А то все повально влюбленные в Беллу грузинские поэты поют под окнами.

Или Евтушенко, не порывающий отношений, вдруг привозит Светлова и Кривицкого. Мы втроем – Княжинский, Ильенко и я – тем временем злобно отсиживаемся в ванной, чтобы не встречаться со справедливо не любящим нас поэтом. Но когда он увезет Светлова, мы все-таки легализуемся. Оказывается, Кривицкий остался, и он всю ночь – со смердяковским выражением лица – рассказывает нам настоящую правду о воспетом им подвиге 28-ти панфиловцев.

А то откуда-то, как-то сам по себе появляется одноглазый поэт Досталь и учит нас песне “Цветет сахалинская рожь, бежит под деревьями еж, а вот разъедемся мы, а вот тогда ты от горя запьешь…”…

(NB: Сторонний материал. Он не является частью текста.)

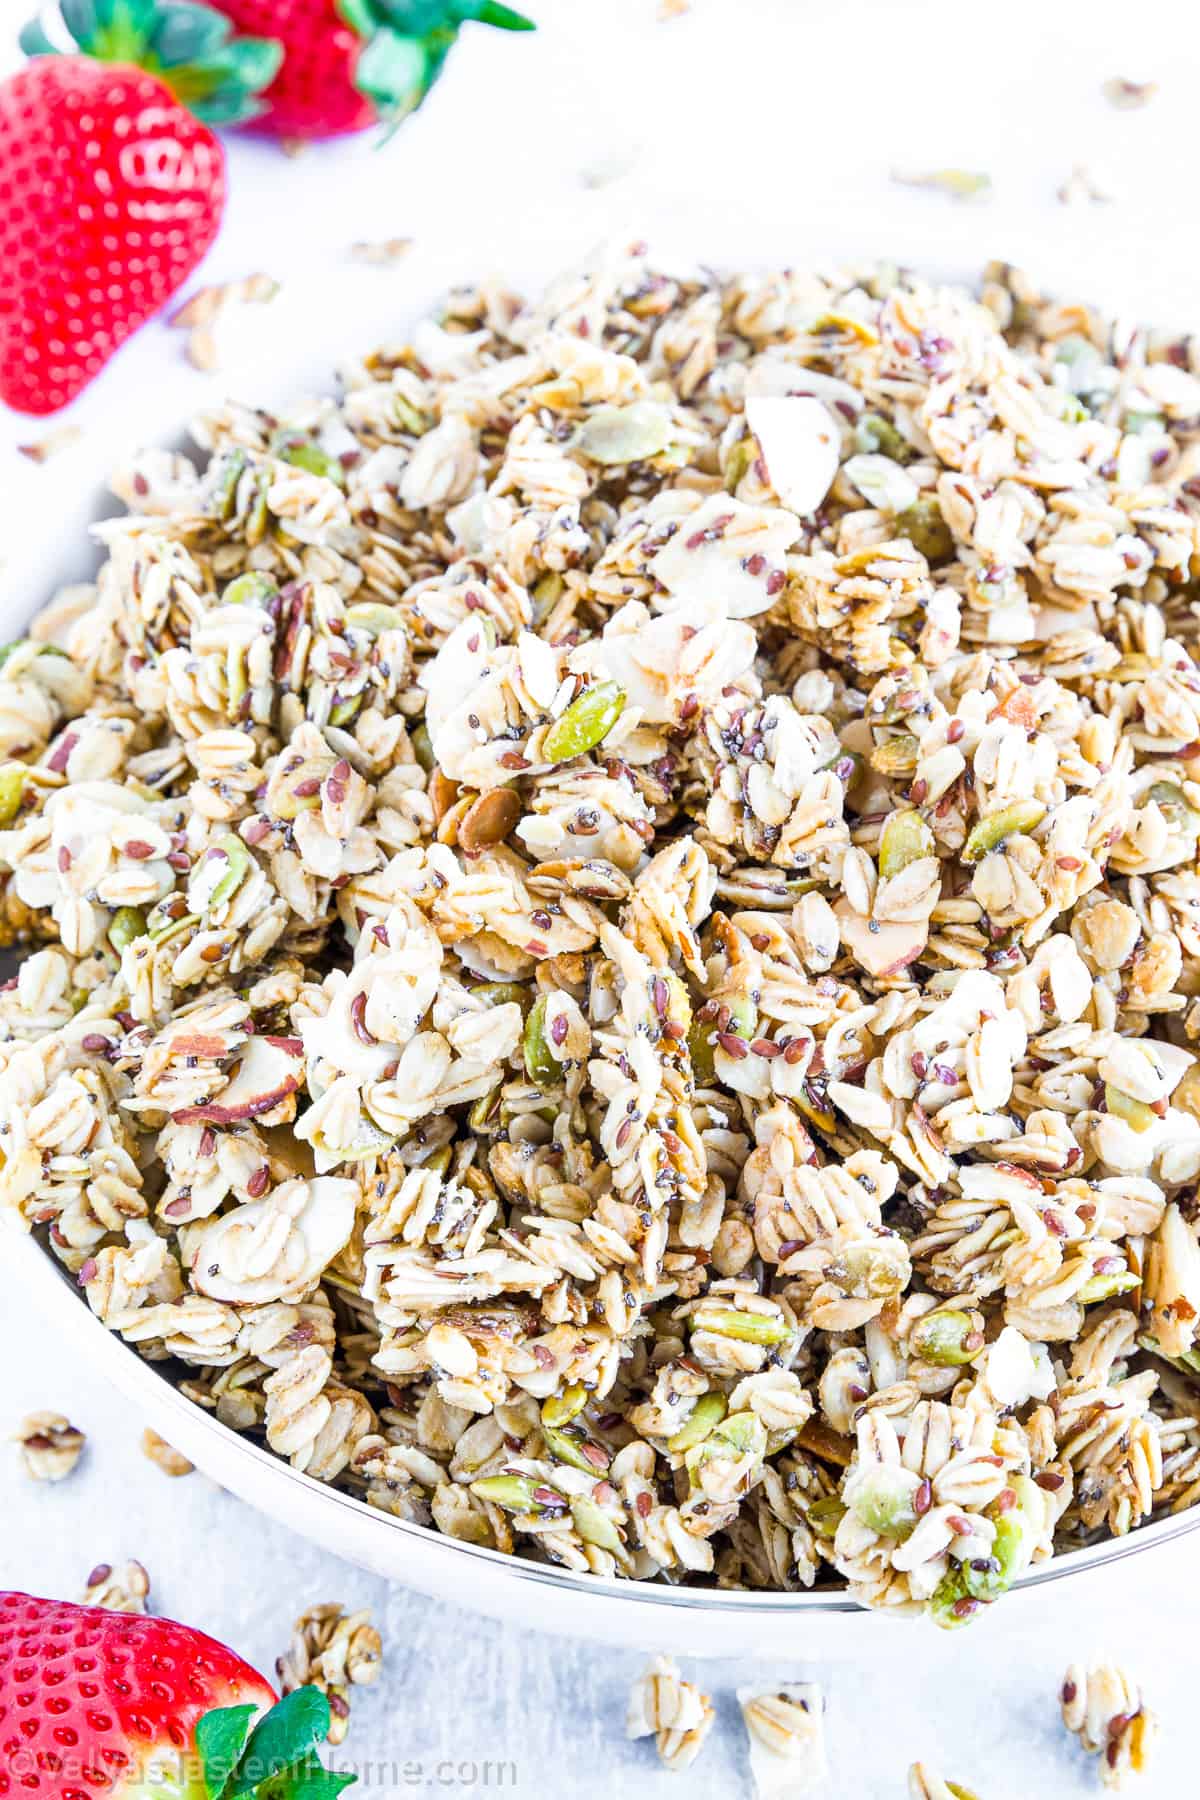 With a simple list of ingredients and straightforward steps, you'll have a delicious granola ready in no time.

Очень скоро мы привели на Новоподмосковную Шпаликова, и, конечно, он не мог Белле не понравиться.

На Песчаной – все песчанно,Лето, рвы, газопровод.Белла с белыми плечами,Пятьдесят девятый год.Белле челочка идет.

Почему на Песчаной?

Но “Песчаной – песчанно”, как и “Белла – белыми”, как же это пропустить?

Первая строфа там замечательная:

То ли страсти поутихли,То ли не было страстей, –Потерялись в этом вихреИ пропали без вестейЛюди первых повестей.

На мой взгляд, Гена не очень умел писать стихи. Рифмовал, как хотел, переиначивал слова, если надо было срифмовать, произвольно ломал ритм. Но ему это и не было нужно. Он был талант, он был поэт, и всё тут. И он был поэт не только потому, что писал стихи.